The Harris handlers presented her as the “joy candidate,” laughing, smiling and dancing to thunderous music with celebrities at her rallies. But for many young voters, there was no joy to celebrate due to the Gazan Palestinians, who were being pulverized back to the Stone Age by bombs provided week after week to the genocidal Israelis by the Biden administration. And there was to be no joy, ultimately, for the Harris campaign as it lost key votes among young people and Arab/Muslim voters in battleground states.
In addition to young voters unexpectedly so concerned about matters in a faraway land, the Harris campaign also grossly underestimated the impact of Arab and Muslim-American voters in several battleground states. Their numbers were small but mighty. Led by the Uncommitted National Movement, they spent months pleading with the Biden administration to scale back its support for Israel’s war in Gaza, and with the Harris campaign to toss them a political bone.
The Uncommitted movement, which sent 30 delegates to the Democratic National Convention, offered to endorse Harris in exchange for merely having a speaker at the convention to address the plight of Palestinians. The Harris campaign, caught in their triangulations between Jewish and Muslim/Arab voters, foolishly rebuffed all their pleas.
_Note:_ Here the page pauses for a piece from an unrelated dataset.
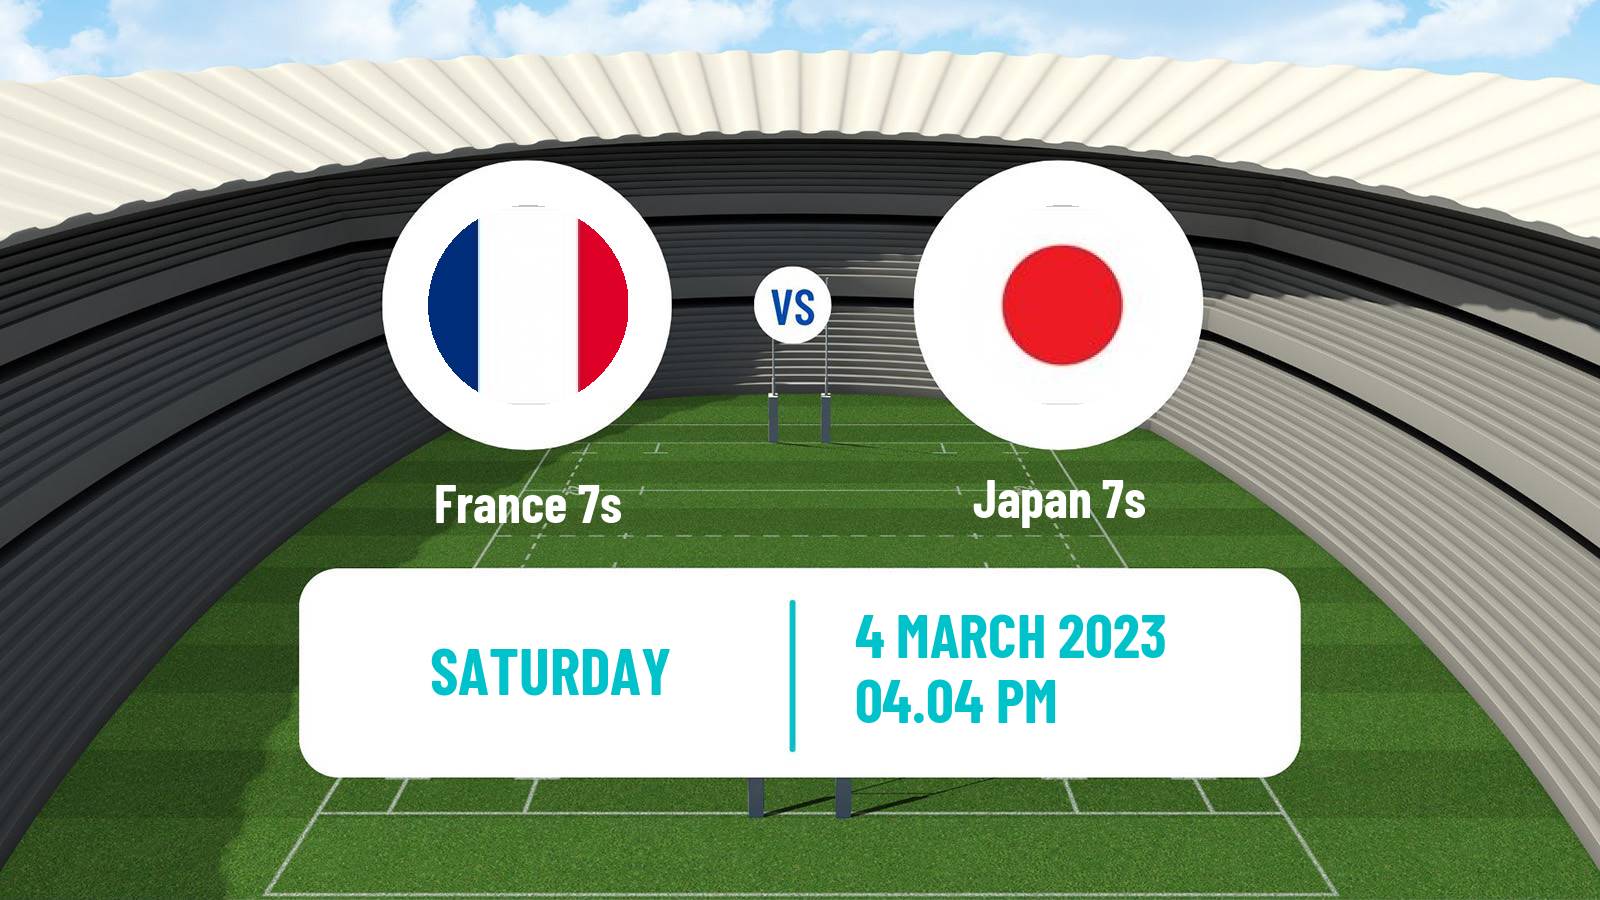 Rugby union Sevens World Series - Canada France 7s - Japan 7s
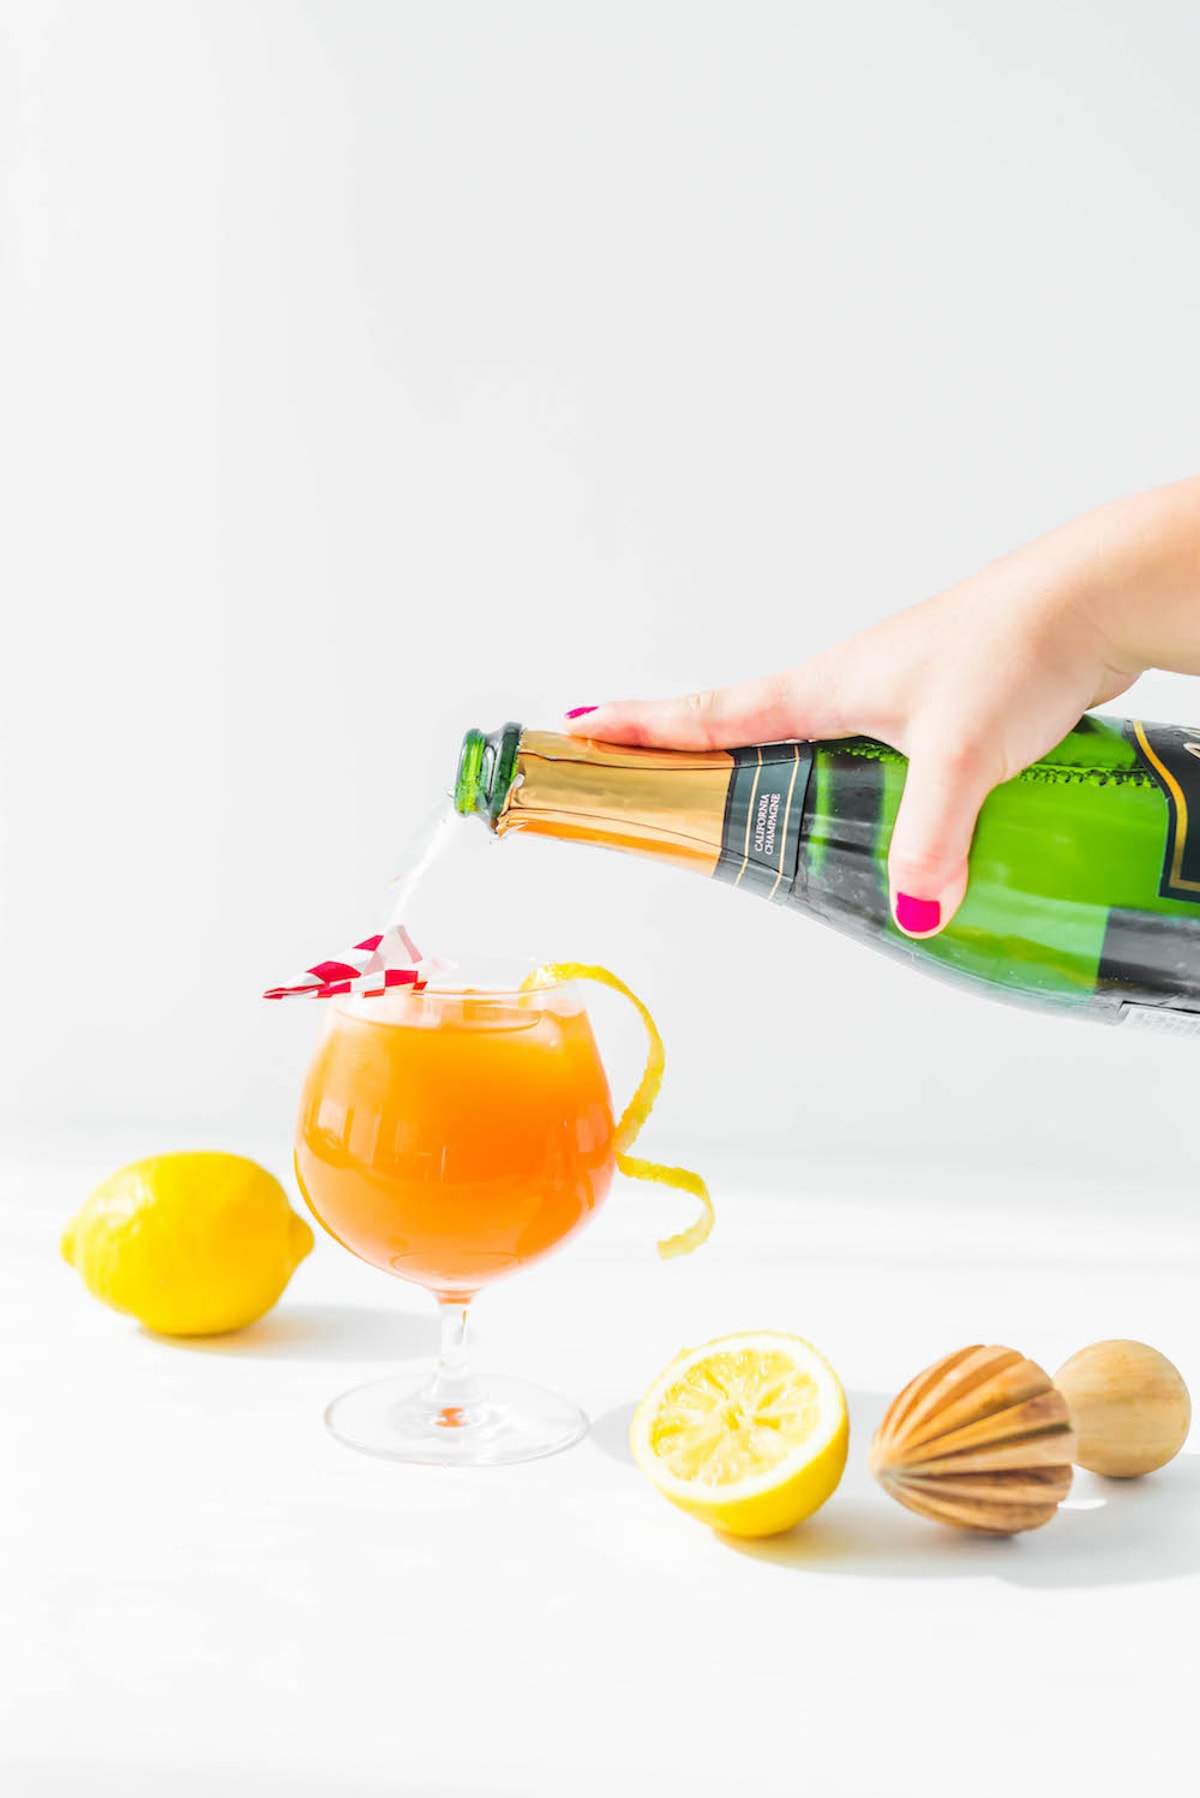 Paper Plane Spritz by Ashley Rose of Sugar & Cloth, a top lifestyle blog in Houston, Texas

Meanwhile Trump – yes, the perpetrator of a Muslim ban in his first term – visited Muslim leaders and surreally portrayed himself as their champion.
The Harris campaign colossally fumbled and bumbled this delicate situation, and she paid a price. In Michigan, which Biden won in 2020 by only 150,000 votes, there were an estimated 242,000 Muslim adherents. Similarly in Wisconsin (21,000 vote margin and 69,000 Muslim adherents), Georgia (12,000 vote margin and 123,000 Muslim adherents) and Arizona (10,500 vote margin and 110,000 Muslim adherents). Muslim-Americans voted overwhelmingly (69%) for Biden in the 2020 presidential election. But a nationwide exit poll by the Council on American Islamic Relations (CAIR) found that significantly less than 50% of Muslim voters backed Harris. Instead, large chunks of the Muslim vote went to Jill Stein, the Green Party candidate who advocated for ending U.S. military support for Israel, or Trump, who received the backing of several Arab and Muslim community leaders and elected officials in Michigan.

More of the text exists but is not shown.